The maternal recognition of pregnancy (MRP) signal in the mare has not been determined, although oestrogens have been proposed as a potential candidate.
To determine effects of intrauterine administration of oestrogen and various oils on cyclic luteolysis in the mare. Hypothesis: Intrauterine oestradiol or fatty acids may suppress luteolysis in the cycling mare when administered during late dioestrus.
A single 1 ml dose of slow-release oestradiol (10 mg/ml) in fractionated coconut oil was infused into the uterine lumen of cycling mares on Days 6, 8, 10, 12 or 14 post ovulation (n=12 in each group). Four further groups, each of 12 mares, received an intrauterine infusion of either 1 ml of fractionated coconut oil, peanut oil, mineral oil or a slow-release preparation of oestradiol (10 mg/ml) in mineral oil on Day 10 post ovulation. Serial blood samples were assayed for progesterone concentrations to monitor luteal function.
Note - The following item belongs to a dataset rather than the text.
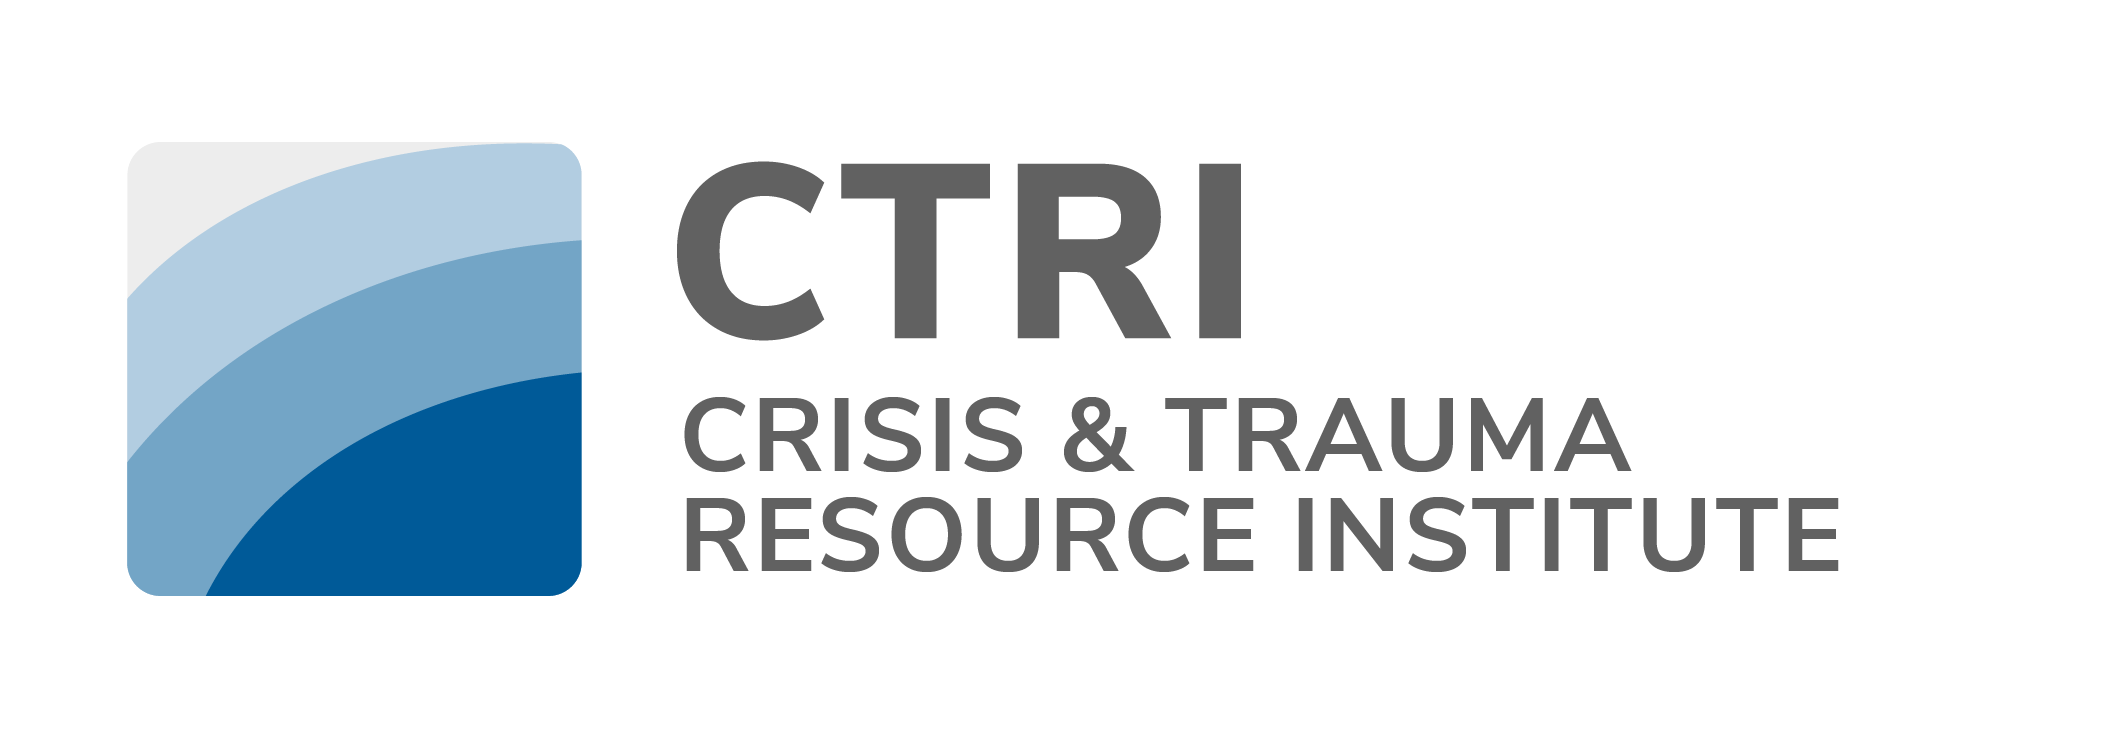 CTRI - Crisis & Trauma Resource Institute

Intrauterine administration of oestradiol in fractionated coconut oil showed peak efficacy at Day 10 when luteolysis was delayed in 11/12 (92%) mares. The ability of the treatment to delay luteolysis was not significantly different when administered on Days 8 (9/12; 75%), 12 (10/12; 83%) or 14 (6/12; 50%) of dioestrus, but declined significantly when given on Day 6 (3/12; 25%). Oestradiol was not needed to initiate luteostasis since fractionated coconut oil alone or peanut oil administered at Day 10 induced the same high rate of luteal persistence (11/12; 92% for both oils). In contrast, mineral oil did not prolong luteal lifespan, either when administered alone (2/12; 17%) or combined with oestradiol (3/12; 25%).
These results do not unequivocally rule out a possible involvement of embryonic oestrogens in MRP in the mare but suggest it is unlikely. The results demonstrate that plant oils can postpone luteolysis, suggesting they may modulate synthesis or release of prostaglandins from the mare's endometrium.
Administration of fractionated coconut or peanut oil on Day 10 post ovulation provides an effective and practical method of prolonging luteal function ('pseudopregnancy') thereby suppressing unwanted oestrous behaviour. Further studies to elucidate the mechanism by which this is achieved may increase understanding of both luteostasis and MRP signal in the mare.